_Instructions to follow_
Don't include any picture when you restate the data word for word.

===== Input data

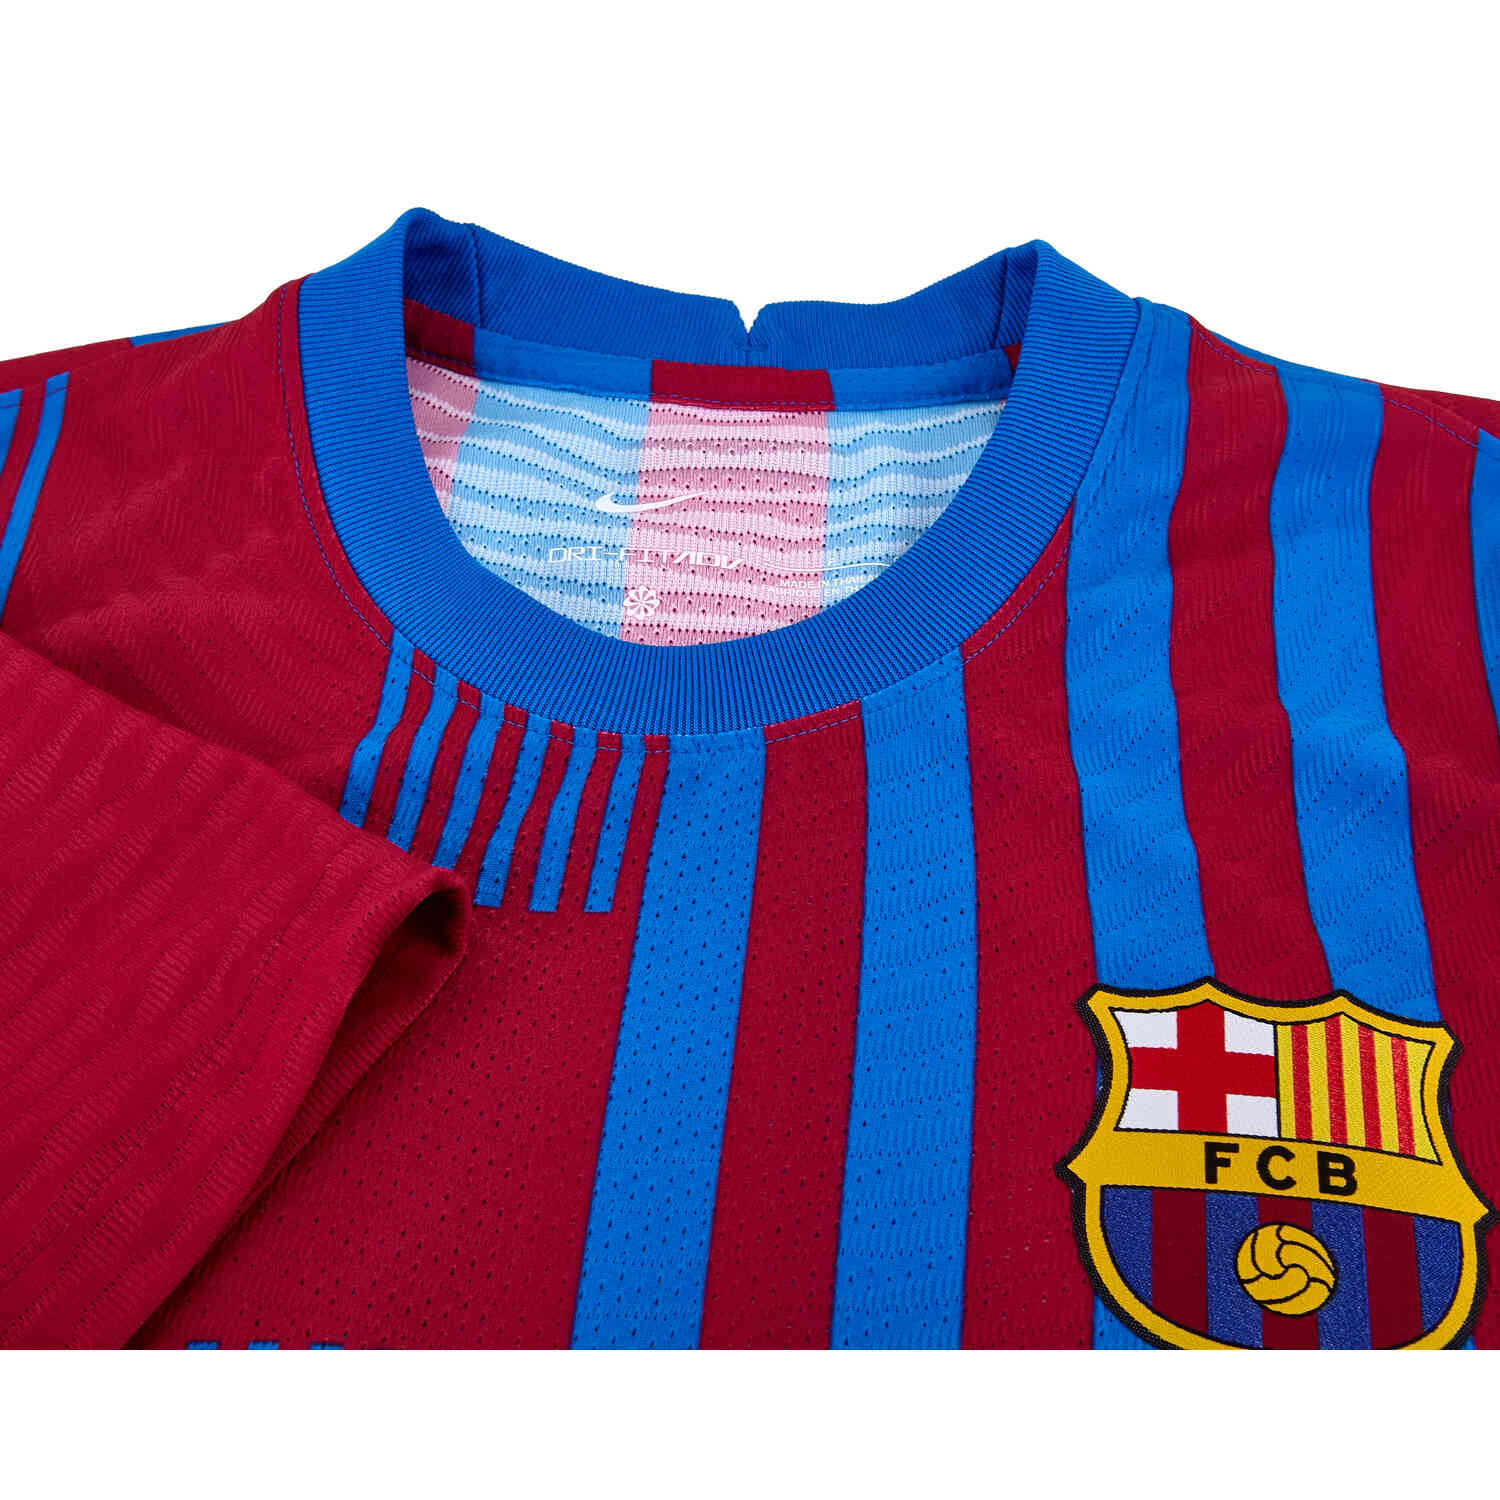 spannend Altaar onbekend 2021/22 Nike Barcelona Home Match Jersey - SoccerPro
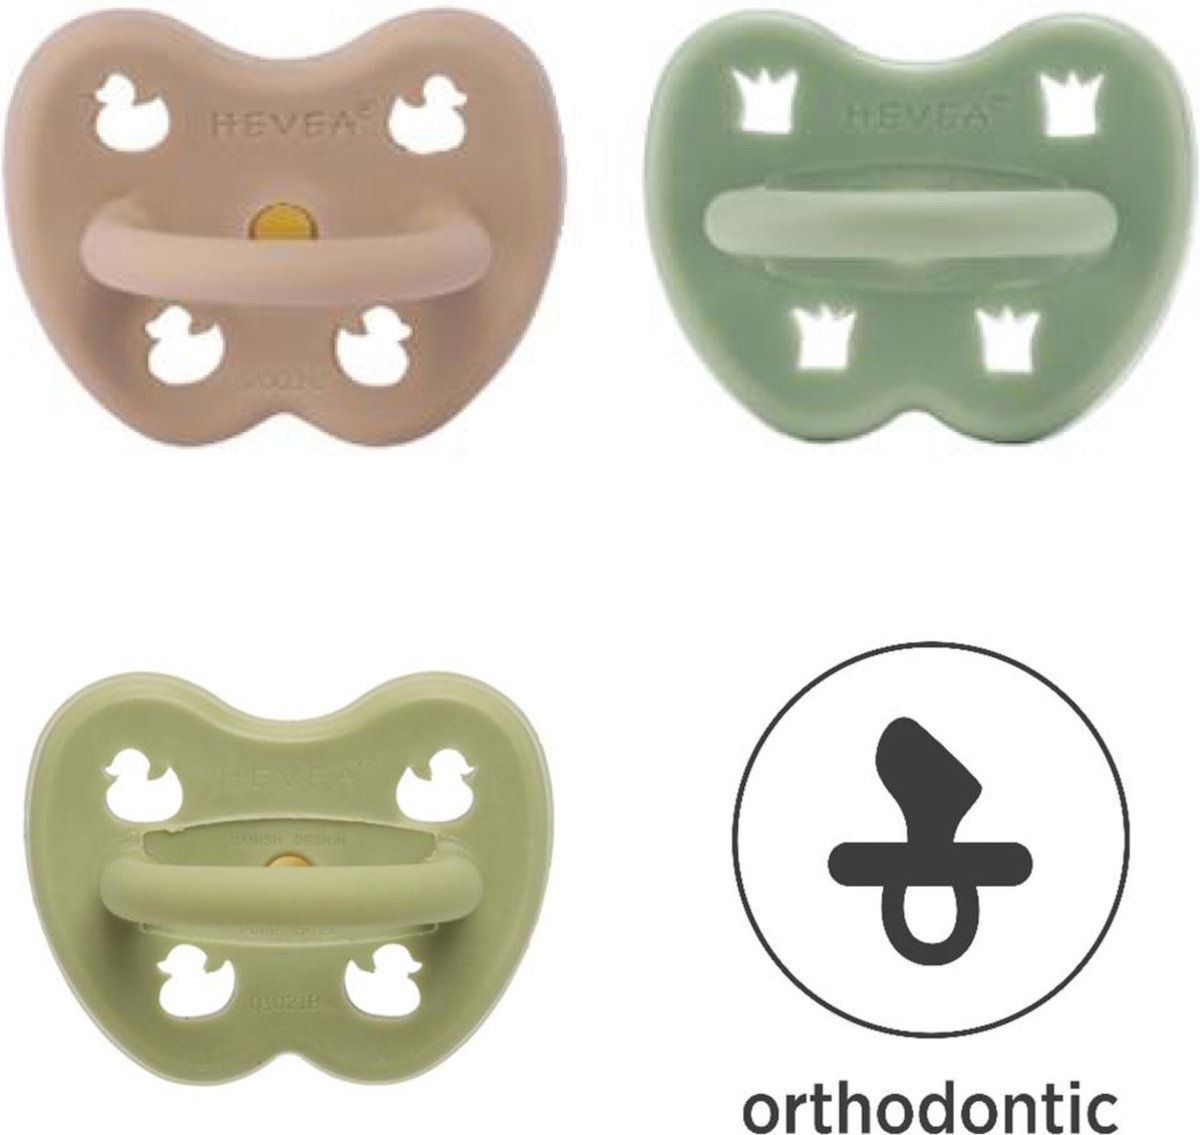 Hevea | Orthodontisch 3-36 maand | Hunter green, Tan beige, Moss green  | 100 % natuurrubber | eendjes | kroontjes
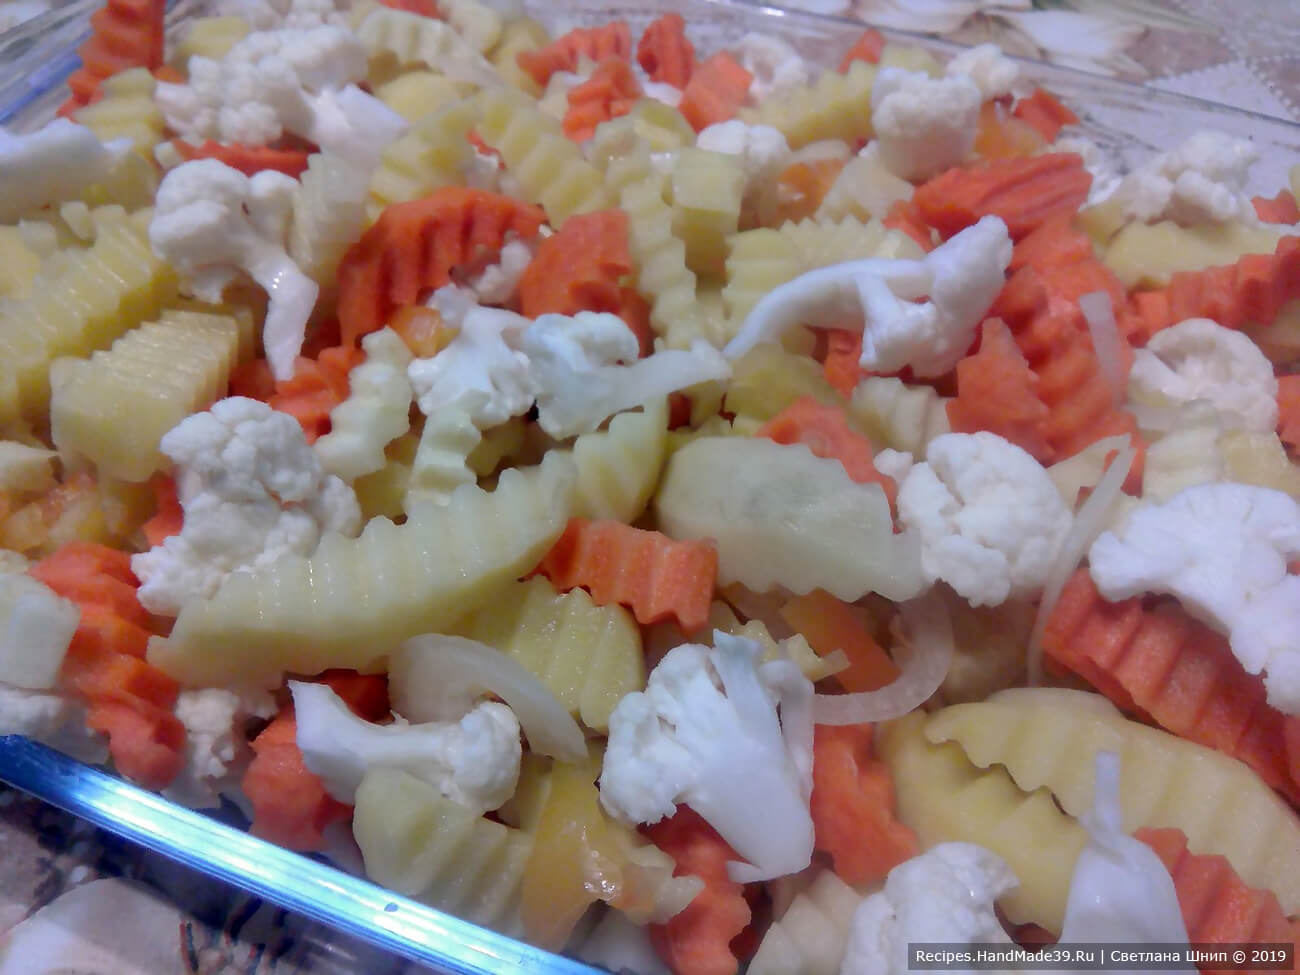 Приготовление овощной подушки: картофель, морковь, перец, репчатый лук, цветную капусту крупно порезать. Выложить на дно формы для запекания. Посолить, поперчить по вкусу
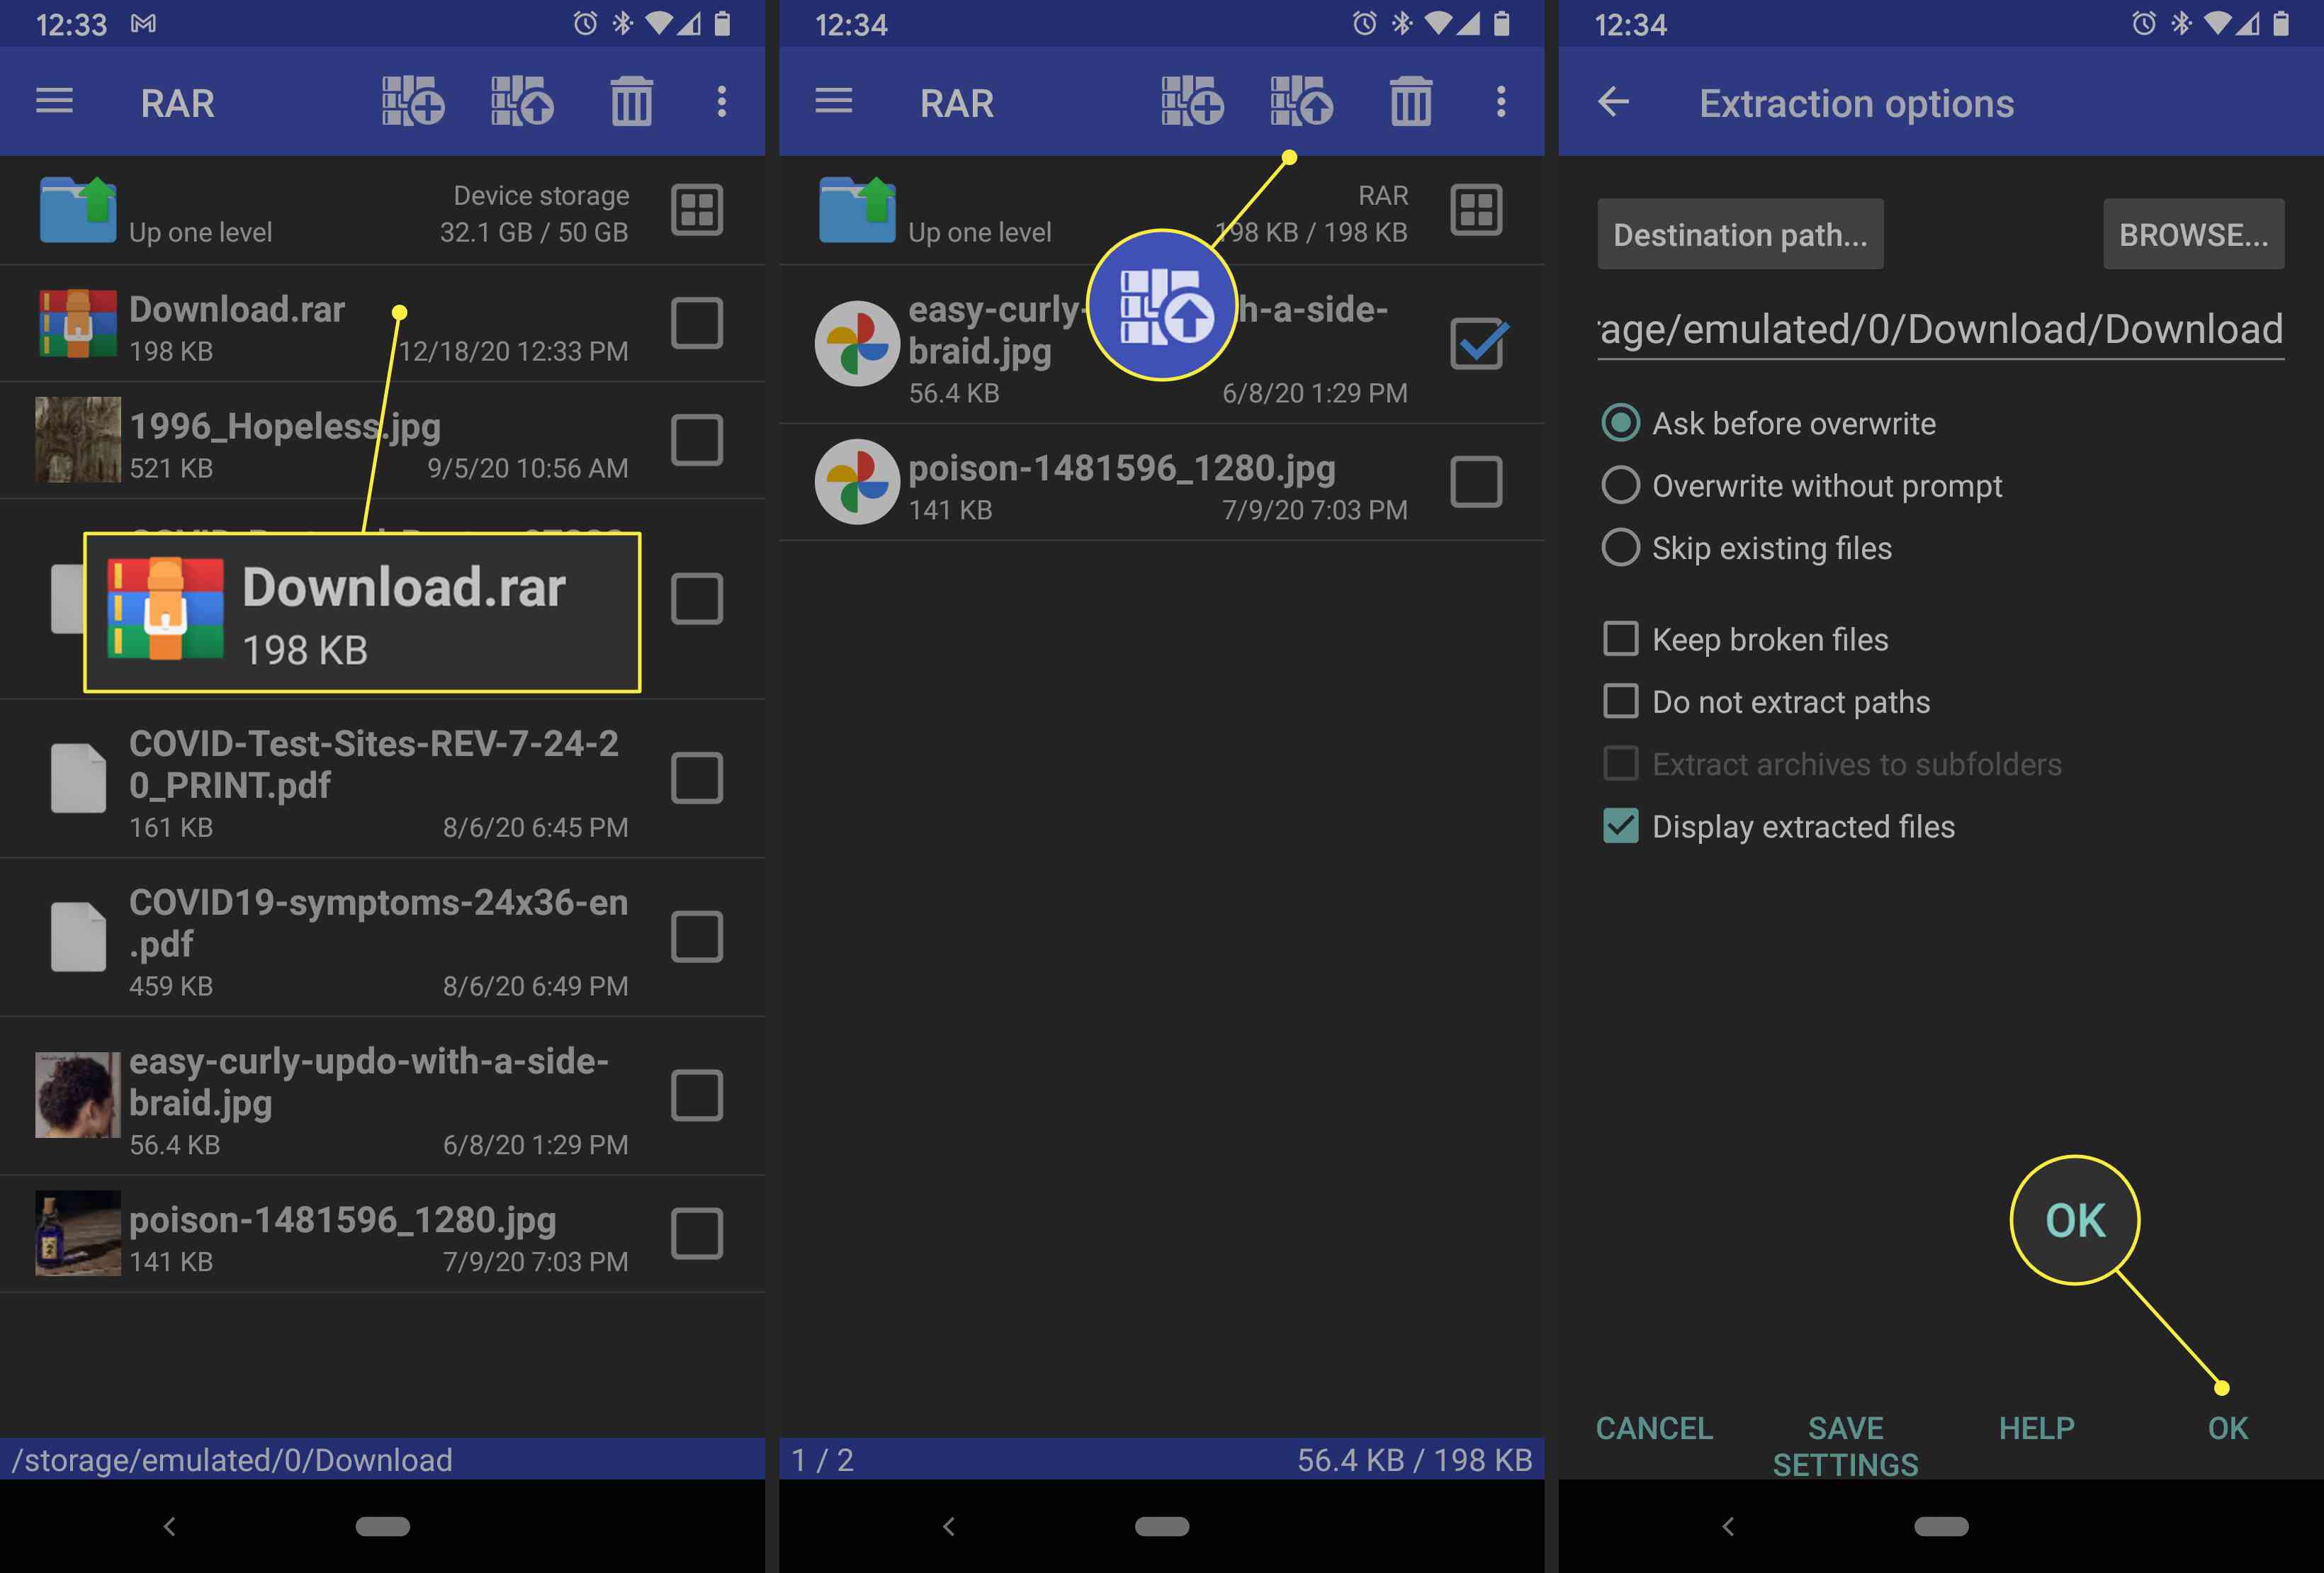 Een Android-gebruiker extraheert een .rar-bestand met behulp van de RAR-app

==========

_Task output_
 spannend Altaar onbekend 2021/22 Nike Barcelona Home Match Jersey - SoccerPro
 Hevea | Orthodontisch 3-36 maand | Hunter green, Tan beige, Moss green  | 100 % natuurrubber | eendjes | kroontjes
 Приготовление овощной подушки: картофель, морковь, перец, репчатый лук, цветную капусту крупно порезать. Выложить на дно формы для запекания. Посолить, поперчить по вкусу
 Een Android-gebruiker extraheert een .rar-bestand met behulp van de RAR-app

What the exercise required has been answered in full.